Data excerpts
━━━━━━

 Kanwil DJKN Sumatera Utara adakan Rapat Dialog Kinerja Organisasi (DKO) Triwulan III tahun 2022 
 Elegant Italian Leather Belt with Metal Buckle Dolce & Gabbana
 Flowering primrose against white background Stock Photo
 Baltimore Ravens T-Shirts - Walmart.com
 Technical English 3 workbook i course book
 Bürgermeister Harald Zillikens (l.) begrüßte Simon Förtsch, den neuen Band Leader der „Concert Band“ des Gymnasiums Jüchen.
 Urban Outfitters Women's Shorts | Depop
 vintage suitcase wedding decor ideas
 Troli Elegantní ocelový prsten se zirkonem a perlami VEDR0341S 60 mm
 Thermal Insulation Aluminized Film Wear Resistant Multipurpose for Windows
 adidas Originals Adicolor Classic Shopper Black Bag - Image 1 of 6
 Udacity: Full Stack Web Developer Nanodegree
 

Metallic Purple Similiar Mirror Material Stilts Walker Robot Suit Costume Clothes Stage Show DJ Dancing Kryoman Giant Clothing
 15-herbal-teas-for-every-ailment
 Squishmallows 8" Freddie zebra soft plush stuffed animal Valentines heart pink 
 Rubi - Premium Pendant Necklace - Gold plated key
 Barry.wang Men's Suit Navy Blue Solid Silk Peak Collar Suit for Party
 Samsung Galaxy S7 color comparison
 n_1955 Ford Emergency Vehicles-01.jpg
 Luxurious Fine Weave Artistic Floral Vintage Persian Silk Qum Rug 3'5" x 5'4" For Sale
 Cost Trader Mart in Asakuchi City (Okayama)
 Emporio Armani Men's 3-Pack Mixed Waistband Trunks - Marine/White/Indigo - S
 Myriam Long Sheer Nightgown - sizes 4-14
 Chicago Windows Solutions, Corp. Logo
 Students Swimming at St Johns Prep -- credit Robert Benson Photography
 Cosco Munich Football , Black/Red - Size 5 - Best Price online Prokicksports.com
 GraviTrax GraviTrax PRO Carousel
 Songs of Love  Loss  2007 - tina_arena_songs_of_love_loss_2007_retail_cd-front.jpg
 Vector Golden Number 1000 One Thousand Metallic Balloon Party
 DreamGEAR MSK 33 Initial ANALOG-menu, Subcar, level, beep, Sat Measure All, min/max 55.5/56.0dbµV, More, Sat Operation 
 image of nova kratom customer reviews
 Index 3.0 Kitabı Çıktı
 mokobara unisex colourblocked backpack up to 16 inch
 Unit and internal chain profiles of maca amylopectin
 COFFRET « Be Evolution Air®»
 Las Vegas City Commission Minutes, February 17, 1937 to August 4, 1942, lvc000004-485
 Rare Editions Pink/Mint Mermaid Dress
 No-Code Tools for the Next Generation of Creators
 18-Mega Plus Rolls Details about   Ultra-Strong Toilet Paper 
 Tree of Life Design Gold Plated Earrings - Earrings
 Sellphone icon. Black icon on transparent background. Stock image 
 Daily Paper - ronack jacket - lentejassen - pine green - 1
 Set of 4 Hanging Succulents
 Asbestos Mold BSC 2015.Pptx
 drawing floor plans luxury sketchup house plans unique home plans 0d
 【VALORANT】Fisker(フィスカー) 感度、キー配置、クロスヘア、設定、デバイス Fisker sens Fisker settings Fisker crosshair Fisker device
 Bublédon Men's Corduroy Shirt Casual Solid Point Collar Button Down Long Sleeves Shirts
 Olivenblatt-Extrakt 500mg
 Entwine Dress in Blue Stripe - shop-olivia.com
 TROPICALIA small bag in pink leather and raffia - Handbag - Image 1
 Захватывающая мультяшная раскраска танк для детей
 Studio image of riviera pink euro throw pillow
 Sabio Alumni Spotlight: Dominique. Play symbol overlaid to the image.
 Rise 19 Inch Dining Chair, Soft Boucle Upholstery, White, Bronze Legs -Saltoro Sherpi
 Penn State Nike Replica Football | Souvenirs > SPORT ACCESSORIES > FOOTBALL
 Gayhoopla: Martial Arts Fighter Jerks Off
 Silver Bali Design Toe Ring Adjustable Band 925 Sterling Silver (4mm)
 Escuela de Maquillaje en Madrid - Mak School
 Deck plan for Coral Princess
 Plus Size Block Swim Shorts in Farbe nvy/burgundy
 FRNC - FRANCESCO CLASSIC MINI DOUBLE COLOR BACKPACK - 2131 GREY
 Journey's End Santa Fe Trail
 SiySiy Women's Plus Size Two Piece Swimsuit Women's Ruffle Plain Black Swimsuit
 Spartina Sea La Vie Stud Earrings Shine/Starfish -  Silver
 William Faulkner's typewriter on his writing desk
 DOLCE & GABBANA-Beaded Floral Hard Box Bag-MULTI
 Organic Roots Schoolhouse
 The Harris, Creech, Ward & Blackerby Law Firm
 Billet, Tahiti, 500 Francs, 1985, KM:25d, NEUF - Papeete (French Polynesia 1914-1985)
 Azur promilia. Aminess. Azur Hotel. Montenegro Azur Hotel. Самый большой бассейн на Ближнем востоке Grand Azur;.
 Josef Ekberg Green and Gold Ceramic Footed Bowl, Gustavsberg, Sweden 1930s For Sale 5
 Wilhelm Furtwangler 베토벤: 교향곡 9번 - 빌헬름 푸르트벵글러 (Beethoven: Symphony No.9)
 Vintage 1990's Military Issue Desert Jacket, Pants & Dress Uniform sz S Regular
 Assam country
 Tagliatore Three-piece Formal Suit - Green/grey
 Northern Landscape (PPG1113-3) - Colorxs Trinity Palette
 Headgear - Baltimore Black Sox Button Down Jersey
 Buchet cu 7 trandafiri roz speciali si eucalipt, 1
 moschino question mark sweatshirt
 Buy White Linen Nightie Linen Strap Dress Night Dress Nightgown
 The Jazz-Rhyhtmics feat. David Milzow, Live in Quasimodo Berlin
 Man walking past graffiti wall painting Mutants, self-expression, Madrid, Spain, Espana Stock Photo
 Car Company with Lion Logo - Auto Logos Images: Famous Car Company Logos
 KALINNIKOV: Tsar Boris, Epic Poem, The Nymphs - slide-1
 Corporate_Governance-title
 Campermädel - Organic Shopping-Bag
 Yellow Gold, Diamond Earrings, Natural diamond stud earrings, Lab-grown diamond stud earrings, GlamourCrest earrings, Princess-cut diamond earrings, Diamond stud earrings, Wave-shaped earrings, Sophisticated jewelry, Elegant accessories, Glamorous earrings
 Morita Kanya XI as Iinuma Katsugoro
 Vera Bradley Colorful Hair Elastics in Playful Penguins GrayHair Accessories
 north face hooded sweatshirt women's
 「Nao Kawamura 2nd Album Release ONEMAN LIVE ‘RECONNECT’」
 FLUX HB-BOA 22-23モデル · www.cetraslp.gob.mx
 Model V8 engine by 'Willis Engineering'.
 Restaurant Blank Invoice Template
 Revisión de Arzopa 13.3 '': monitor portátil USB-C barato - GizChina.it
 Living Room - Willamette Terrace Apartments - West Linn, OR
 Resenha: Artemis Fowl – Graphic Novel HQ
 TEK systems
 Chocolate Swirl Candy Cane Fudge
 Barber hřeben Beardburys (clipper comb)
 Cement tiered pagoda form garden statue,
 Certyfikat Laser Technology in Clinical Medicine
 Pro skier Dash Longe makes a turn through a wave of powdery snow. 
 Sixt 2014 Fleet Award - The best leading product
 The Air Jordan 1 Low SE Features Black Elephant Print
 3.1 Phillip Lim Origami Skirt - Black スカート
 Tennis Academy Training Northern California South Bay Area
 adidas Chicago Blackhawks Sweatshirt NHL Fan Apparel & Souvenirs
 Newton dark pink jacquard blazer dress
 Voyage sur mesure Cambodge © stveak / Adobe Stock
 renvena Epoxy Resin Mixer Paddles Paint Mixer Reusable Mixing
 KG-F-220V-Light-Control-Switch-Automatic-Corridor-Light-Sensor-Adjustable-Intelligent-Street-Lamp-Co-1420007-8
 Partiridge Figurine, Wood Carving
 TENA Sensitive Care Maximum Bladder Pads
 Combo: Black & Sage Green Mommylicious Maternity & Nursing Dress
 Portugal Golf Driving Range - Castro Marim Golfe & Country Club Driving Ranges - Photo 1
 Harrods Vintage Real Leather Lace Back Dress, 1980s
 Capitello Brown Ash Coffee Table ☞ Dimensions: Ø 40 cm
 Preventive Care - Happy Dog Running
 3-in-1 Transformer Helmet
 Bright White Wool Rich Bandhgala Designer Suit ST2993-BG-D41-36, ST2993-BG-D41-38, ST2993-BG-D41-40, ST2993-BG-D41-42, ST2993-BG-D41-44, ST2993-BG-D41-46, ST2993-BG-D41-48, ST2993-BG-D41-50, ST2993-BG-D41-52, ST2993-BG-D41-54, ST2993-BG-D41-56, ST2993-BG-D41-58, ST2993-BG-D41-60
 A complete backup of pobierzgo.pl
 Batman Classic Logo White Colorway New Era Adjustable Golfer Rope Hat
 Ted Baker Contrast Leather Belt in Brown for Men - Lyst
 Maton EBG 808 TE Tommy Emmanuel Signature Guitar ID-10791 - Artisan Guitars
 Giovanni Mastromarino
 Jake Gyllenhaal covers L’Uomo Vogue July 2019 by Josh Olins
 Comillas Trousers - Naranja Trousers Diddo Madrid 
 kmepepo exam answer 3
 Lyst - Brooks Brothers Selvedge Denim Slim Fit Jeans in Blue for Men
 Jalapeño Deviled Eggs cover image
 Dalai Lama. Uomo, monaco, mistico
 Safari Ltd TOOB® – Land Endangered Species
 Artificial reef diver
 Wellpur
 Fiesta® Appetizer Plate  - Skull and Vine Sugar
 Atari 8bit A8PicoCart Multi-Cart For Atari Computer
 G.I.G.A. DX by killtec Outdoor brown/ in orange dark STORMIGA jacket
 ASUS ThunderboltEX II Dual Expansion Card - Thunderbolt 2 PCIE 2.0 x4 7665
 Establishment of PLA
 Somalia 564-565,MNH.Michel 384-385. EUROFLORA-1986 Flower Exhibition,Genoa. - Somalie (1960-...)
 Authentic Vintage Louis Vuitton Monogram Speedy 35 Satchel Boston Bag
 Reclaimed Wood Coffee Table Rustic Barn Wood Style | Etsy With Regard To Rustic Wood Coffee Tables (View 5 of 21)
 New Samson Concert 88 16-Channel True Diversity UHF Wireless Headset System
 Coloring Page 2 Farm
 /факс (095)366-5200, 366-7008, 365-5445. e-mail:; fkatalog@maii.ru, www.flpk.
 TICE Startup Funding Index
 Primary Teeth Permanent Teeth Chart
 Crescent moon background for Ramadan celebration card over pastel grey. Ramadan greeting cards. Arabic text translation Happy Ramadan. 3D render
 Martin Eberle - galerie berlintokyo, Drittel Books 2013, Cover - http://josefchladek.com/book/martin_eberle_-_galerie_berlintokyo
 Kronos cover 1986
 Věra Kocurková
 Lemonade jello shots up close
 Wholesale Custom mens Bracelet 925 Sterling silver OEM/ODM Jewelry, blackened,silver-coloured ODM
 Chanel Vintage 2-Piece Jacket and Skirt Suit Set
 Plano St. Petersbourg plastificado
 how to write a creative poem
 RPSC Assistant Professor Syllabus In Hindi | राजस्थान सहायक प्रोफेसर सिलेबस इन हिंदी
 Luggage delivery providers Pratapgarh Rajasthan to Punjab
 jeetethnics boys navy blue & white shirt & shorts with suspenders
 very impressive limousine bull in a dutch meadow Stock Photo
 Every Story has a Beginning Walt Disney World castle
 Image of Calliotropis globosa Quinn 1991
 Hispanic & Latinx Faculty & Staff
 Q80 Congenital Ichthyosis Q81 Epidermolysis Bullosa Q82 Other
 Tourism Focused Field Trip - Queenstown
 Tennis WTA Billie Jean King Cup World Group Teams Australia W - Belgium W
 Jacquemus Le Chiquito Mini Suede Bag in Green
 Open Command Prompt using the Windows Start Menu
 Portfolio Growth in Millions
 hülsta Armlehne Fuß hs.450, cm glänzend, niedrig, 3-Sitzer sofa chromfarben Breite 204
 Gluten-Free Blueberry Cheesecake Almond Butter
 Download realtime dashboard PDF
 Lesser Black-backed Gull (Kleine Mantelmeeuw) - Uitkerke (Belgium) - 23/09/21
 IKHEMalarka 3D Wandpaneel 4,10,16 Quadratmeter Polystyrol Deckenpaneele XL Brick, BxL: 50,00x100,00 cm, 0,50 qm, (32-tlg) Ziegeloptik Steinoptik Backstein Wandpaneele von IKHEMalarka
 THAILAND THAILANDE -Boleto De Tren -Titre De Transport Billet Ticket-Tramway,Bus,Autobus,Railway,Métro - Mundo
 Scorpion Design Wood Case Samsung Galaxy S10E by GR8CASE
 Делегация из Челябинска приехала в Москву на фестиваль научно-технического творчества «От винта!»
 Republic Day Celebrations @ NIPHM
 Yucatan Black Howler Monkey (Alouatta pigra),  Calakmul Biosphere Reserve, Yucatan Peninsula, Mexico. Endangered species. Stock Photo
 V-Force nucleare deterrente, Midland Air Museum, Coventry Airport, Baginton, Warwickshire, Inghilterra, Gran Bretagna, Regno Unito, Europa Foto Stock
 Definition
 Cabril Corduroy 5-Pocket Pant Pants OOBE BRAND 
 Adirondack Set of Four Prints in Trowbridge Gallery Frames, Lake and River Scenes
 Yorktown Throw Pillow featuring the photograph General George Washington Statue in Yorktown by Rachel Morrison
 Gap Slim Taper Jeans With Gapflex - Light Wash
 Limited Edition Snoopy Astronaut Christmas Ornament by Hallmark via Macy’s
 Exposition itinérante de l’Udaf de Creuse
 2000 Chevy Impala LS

━━━━━━

*Activity*. Repeat word for word the lines above that run from the line containing "G.I.G.A. DX by" through the line containing "Reclaimed Wood Coffee", both ends included, and nothing else.

*Written response*.
 G.I.G.A. DX by killtec Outdoor brown/ in orange dark STORMIGA jacket
 ASUS ThunderboltEX II Dual Expansion Card - Thunderbolt 2 PCIE 2.0 x4 7665
 Establishment of PLA
 Somalia 564-565,MNH.Michel 384-385. EUROFLORA-1986 Flower Exhibition,Genoa. - Somalie (1960-...)
 Authentic Vintage Louis Vuitton Monogram Speedy 35 Satchel Boston Bag
 Reclaimed Wood Coffee Table Rustic Barn Wood Style | Etsy With Regard To Rustic Wood Coffee Tables (View 5 of 21)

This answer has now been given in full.